Each line below should be retyped exactly, with no pictures.
DATA EXCERPT below:
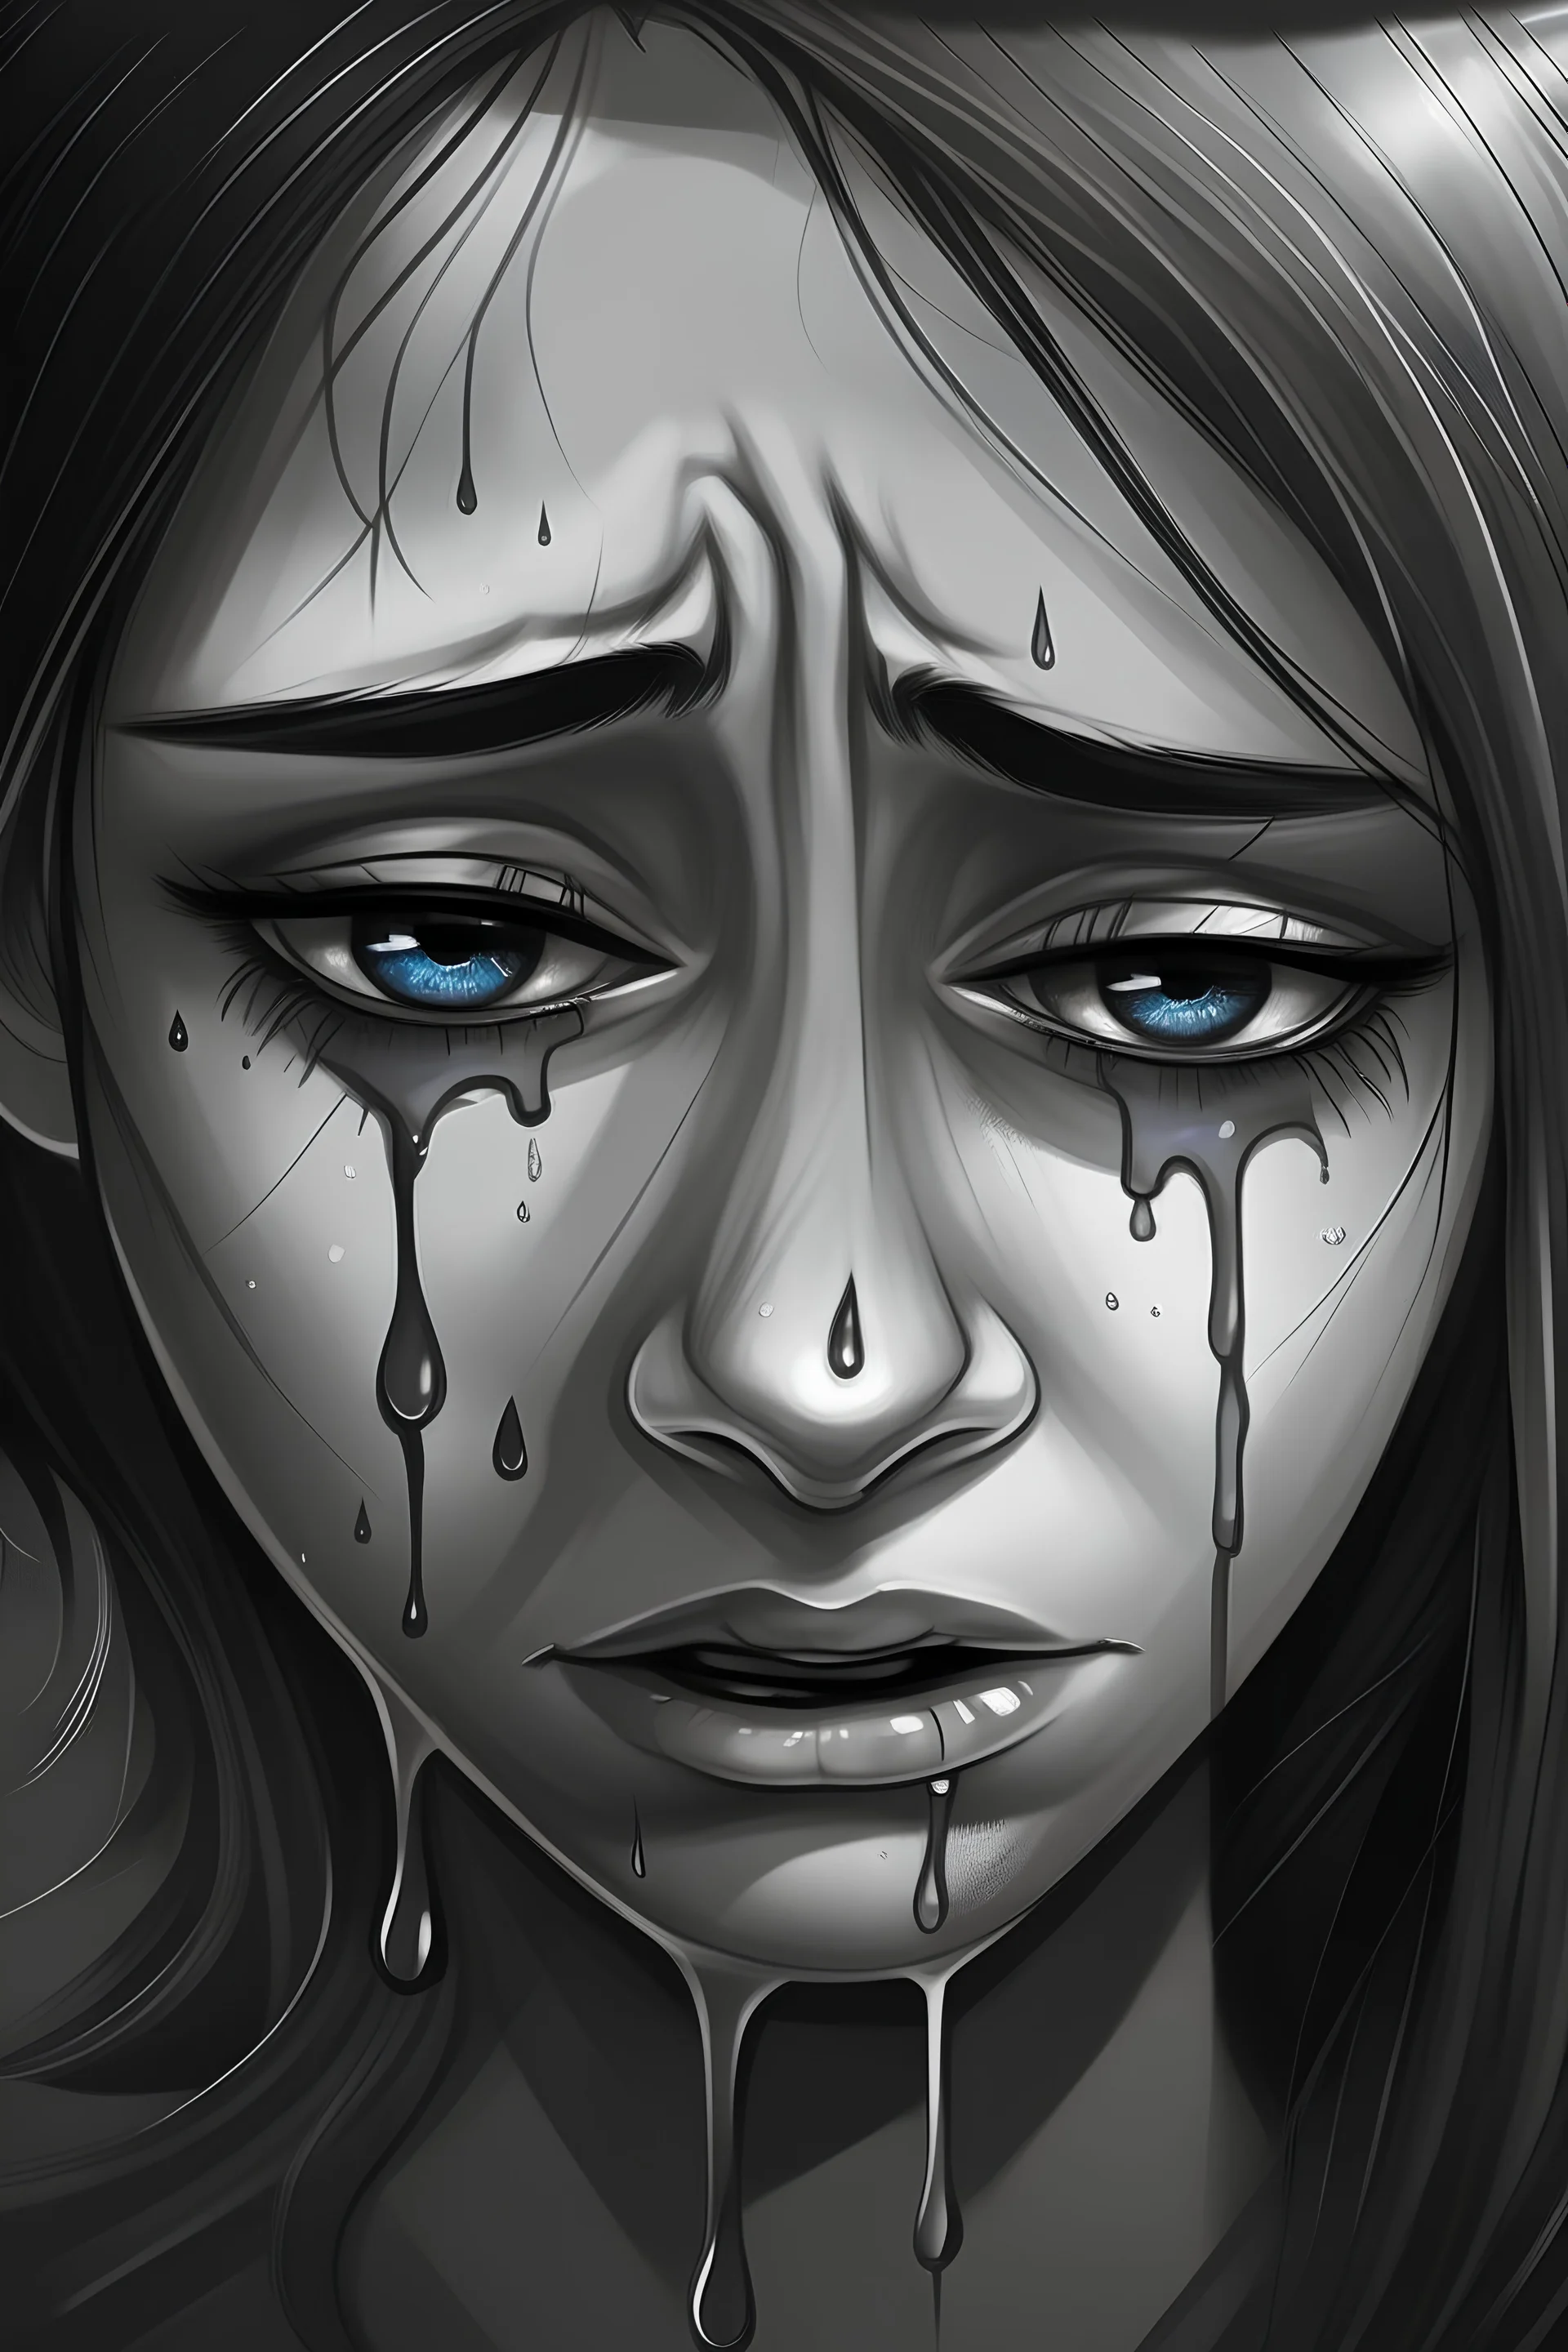 תמונה של דמעות עצובות
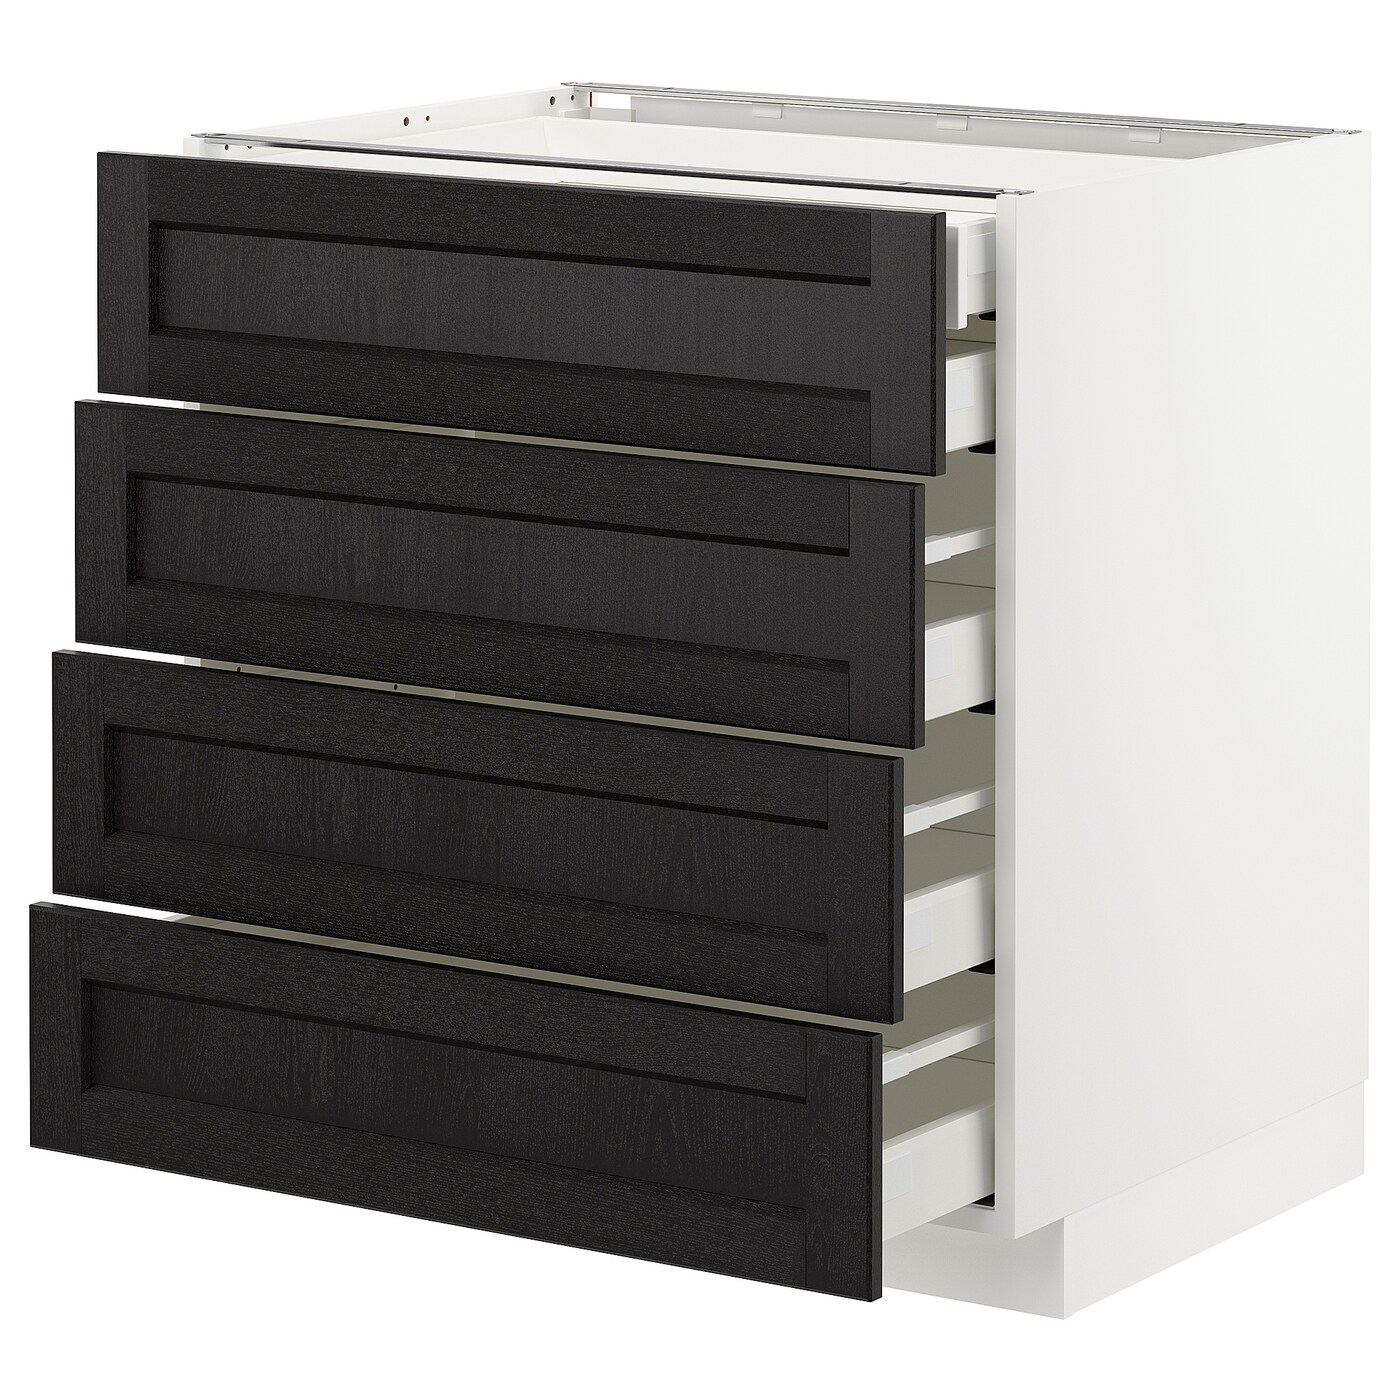 Напольный кухонный шкаф  - IKEA METOD MAXIMERA, 88x62x80см, белый/черный, МЕТОД МАКСИМЕРА ИКЕА
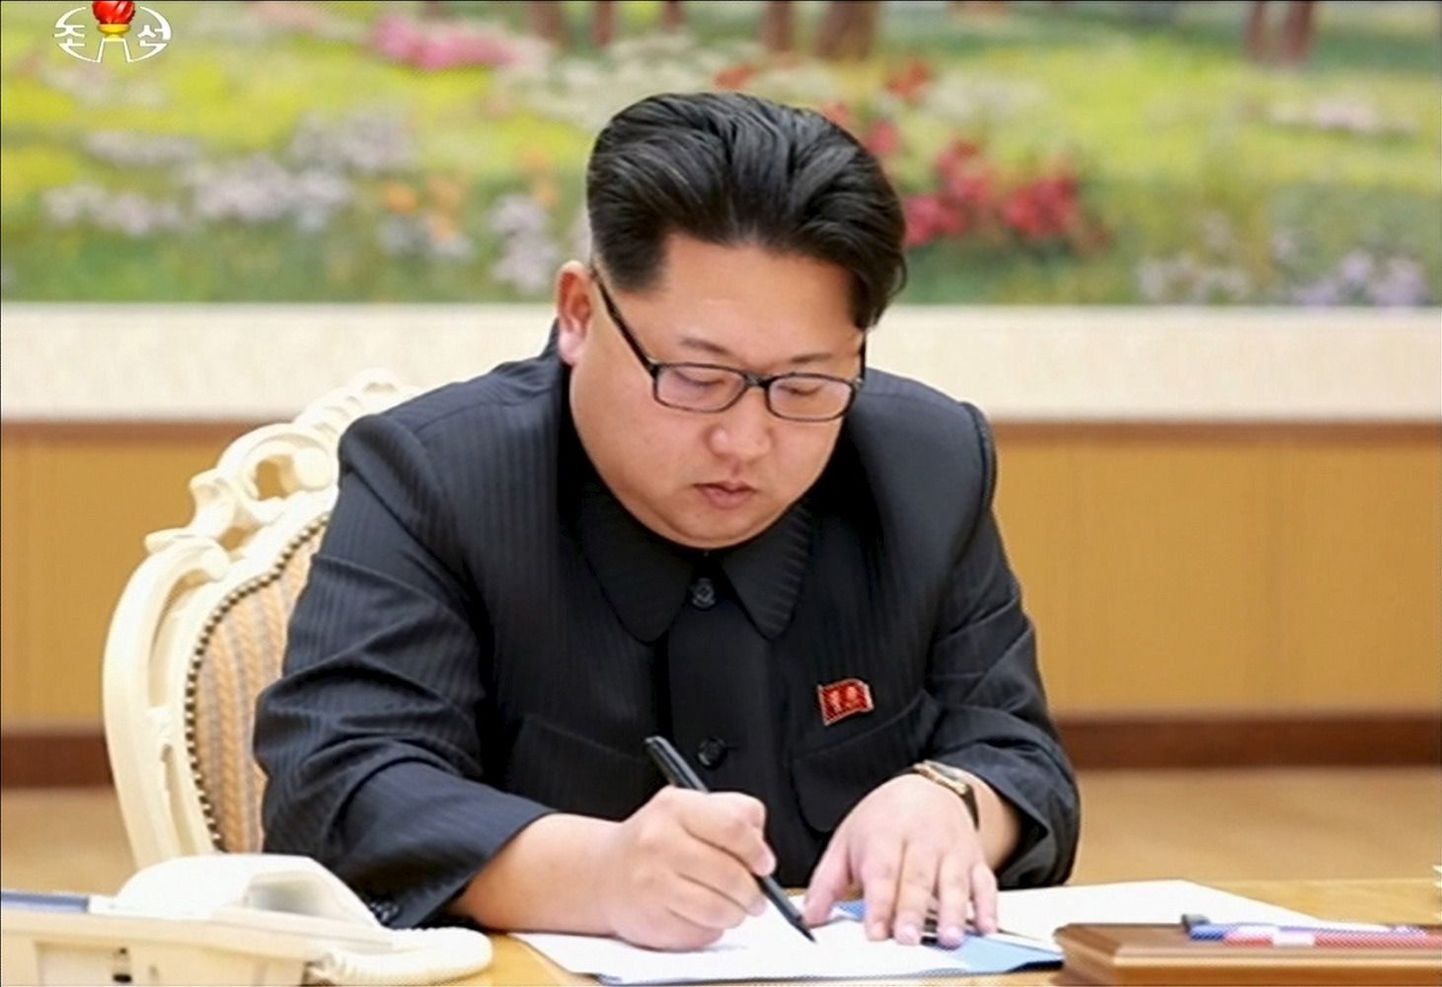 Põhja-Korea juht Kim Jong-un kirjutamas alla dokumendile, mis puudutab väidetavalt riigi esimest vesinikpommi katsetust.
End of DATA EXCERPT.
▶ **ANSWER FOR THIS EXERCISE**:
 תמונה של דמעות עצובות
 Напольный кухонный шкаф  - IKEA METOD MAXIMERA, 88x62x80см, белый/черный, МЕТОД МАКСИМЕРА ИКЕА
 Põhja-Korea juht Kim Jong-un kirjutamas alla dokumendile, mis puudutab väidetavalt riigi esimest vesinikpommi katsetust.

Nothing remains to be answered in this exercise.